▸ Task objective
Starting with the line that holds "It's the first" and stopping after the line that holds "Women's 14K Gold", repeat the lines below word for word, without the pictures.

▸ Given entries
[Start of section]
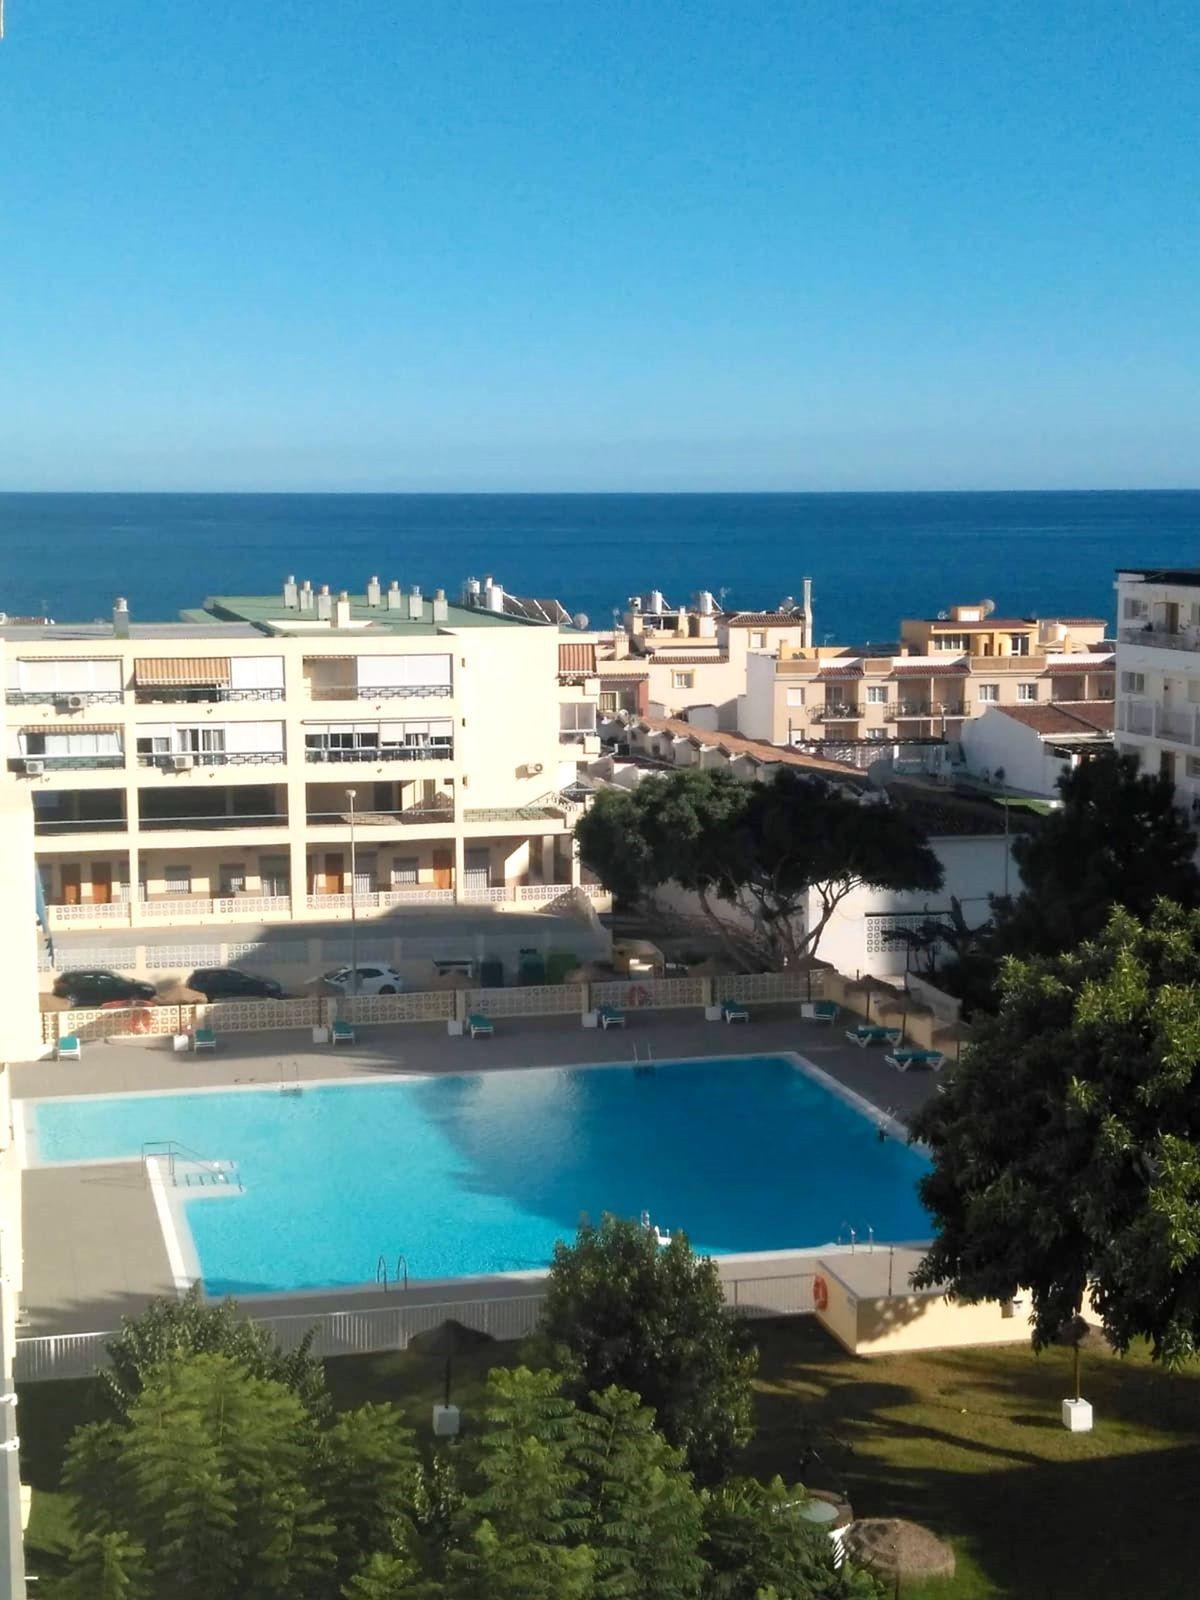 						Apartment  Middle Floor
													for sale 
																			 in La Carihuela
[End of section]
[Start of section]
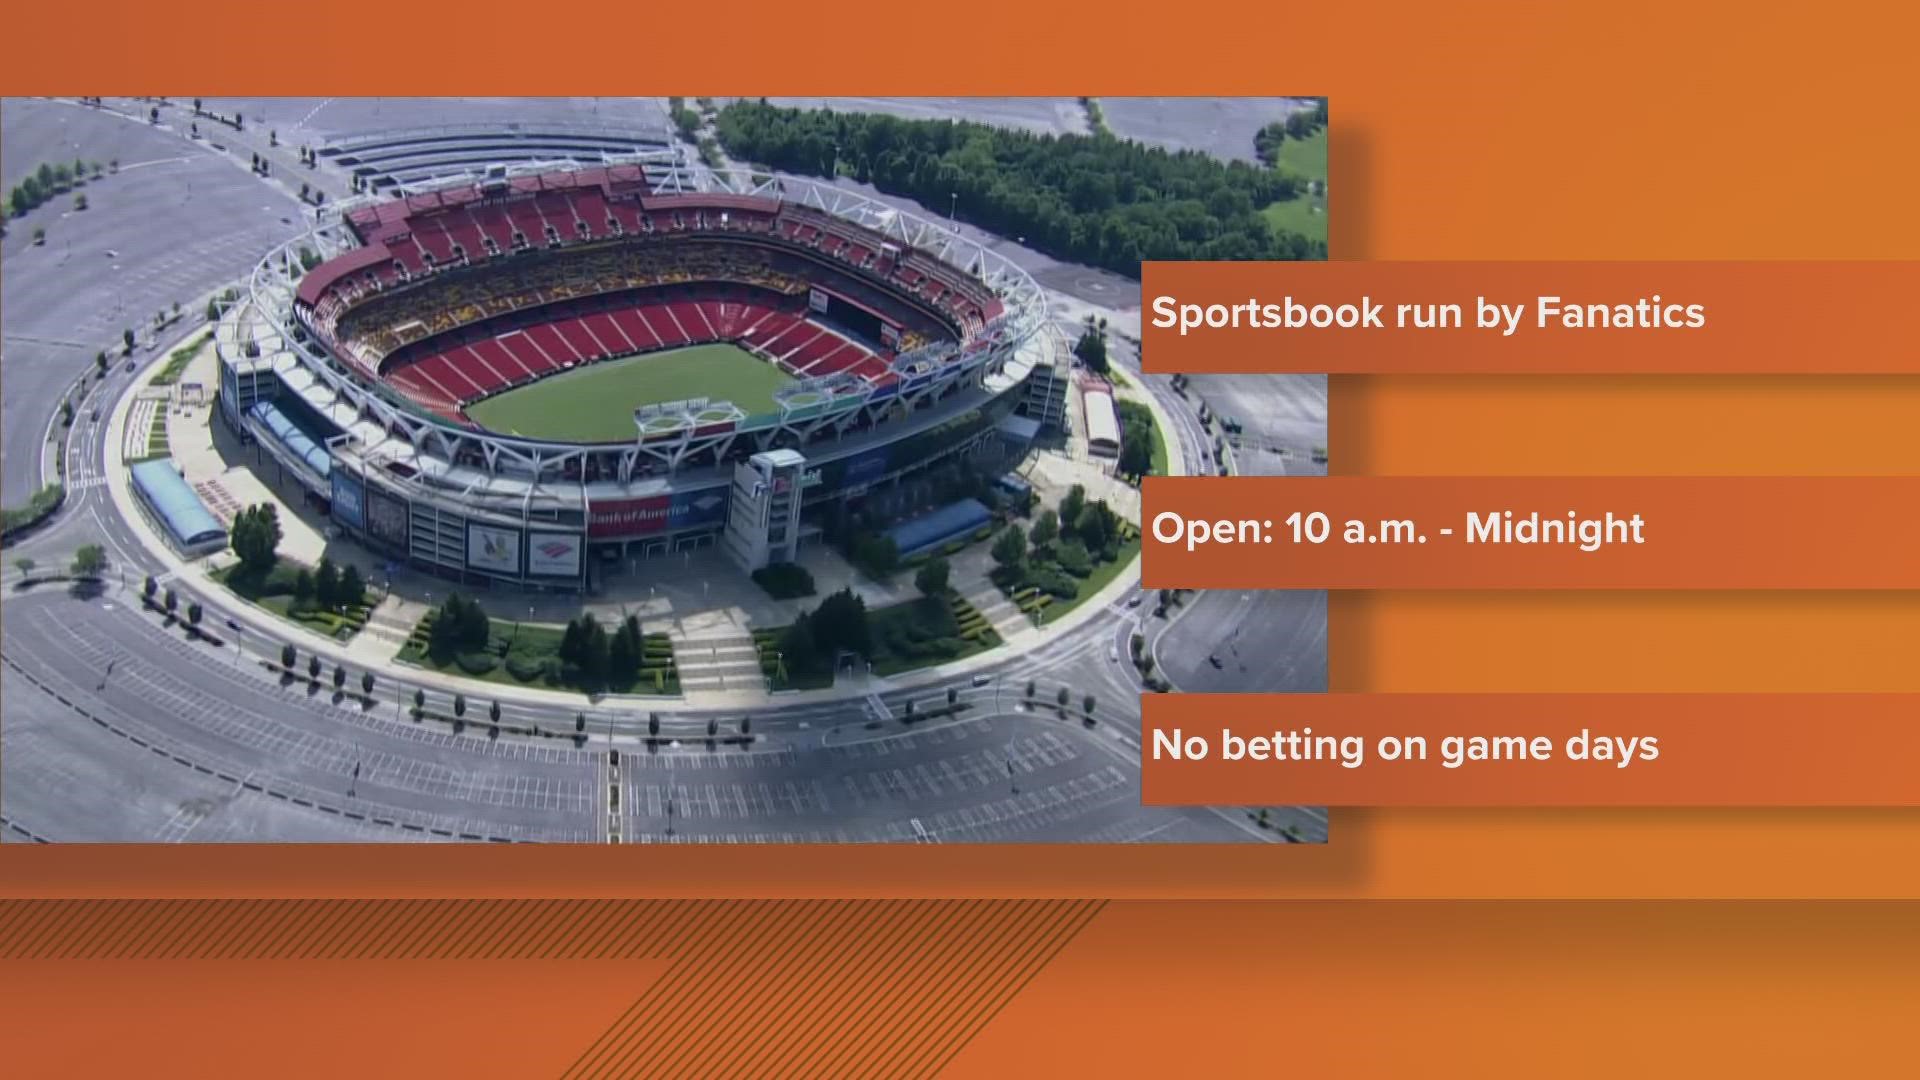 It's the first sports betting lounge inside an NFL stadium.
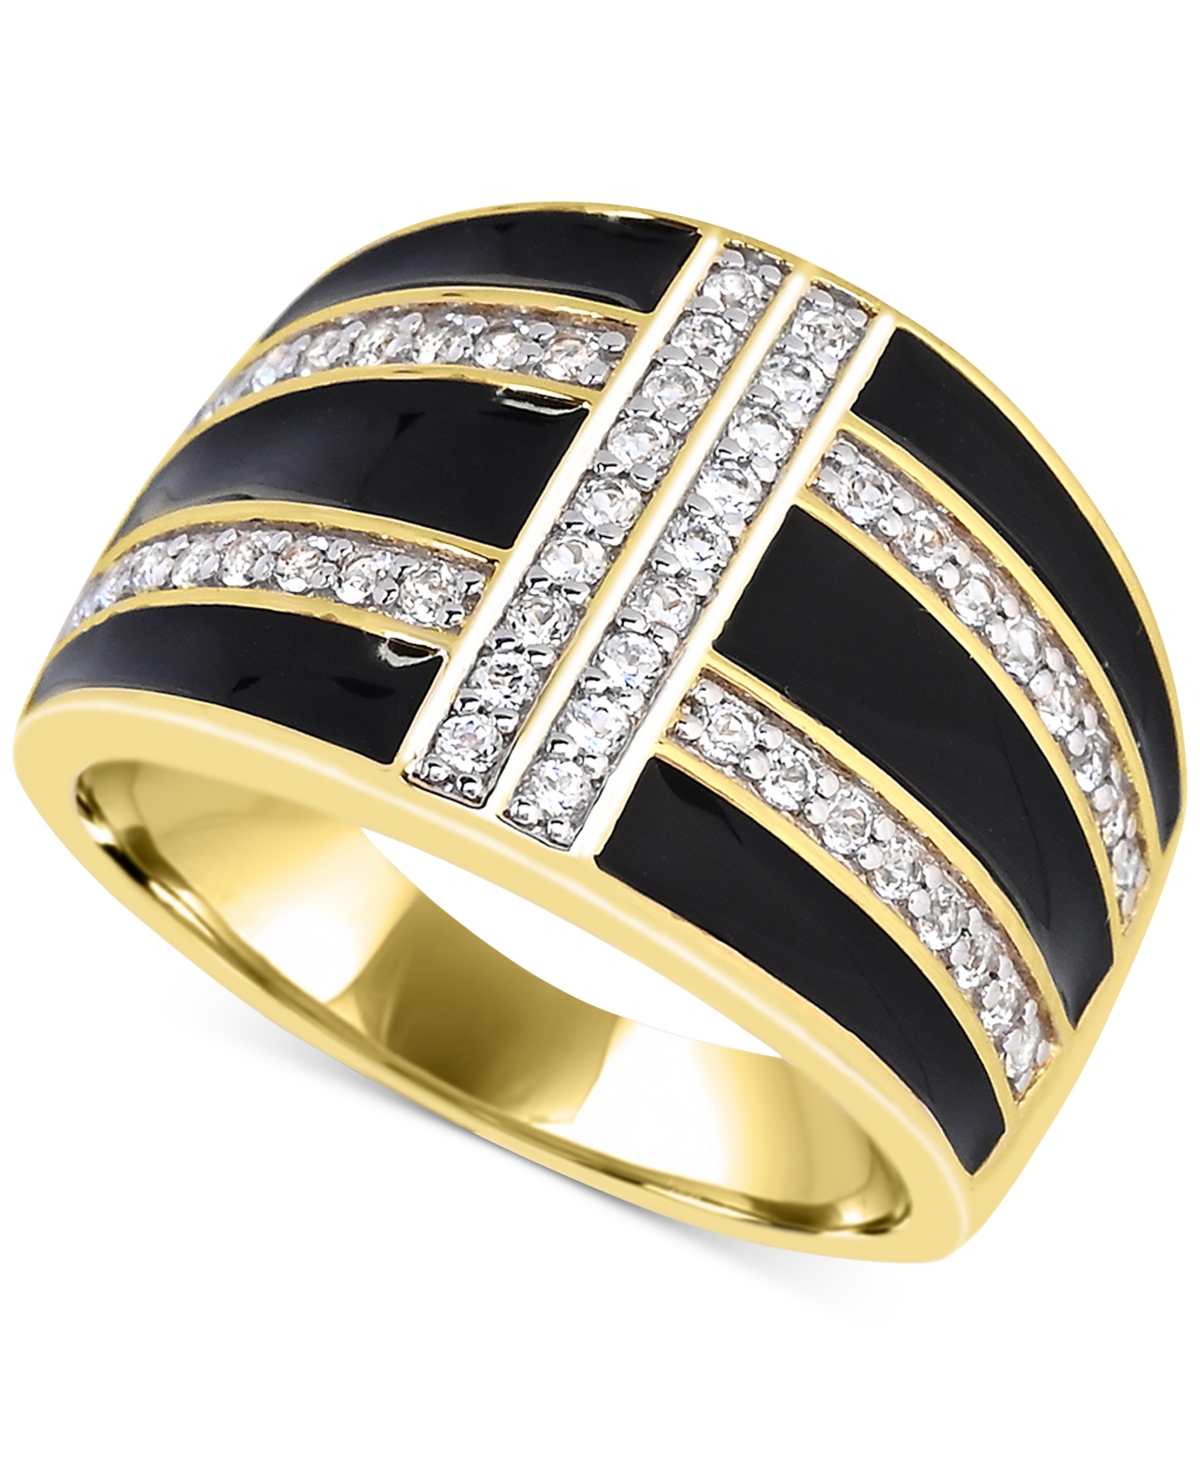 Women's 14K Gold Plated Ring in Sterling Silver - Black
[End of section]
▸ Expected answer
 It's the first sports betting lounge inside an NFL stadium.
 Women's 14K Gold Plated Ring in Sterling Silver - Black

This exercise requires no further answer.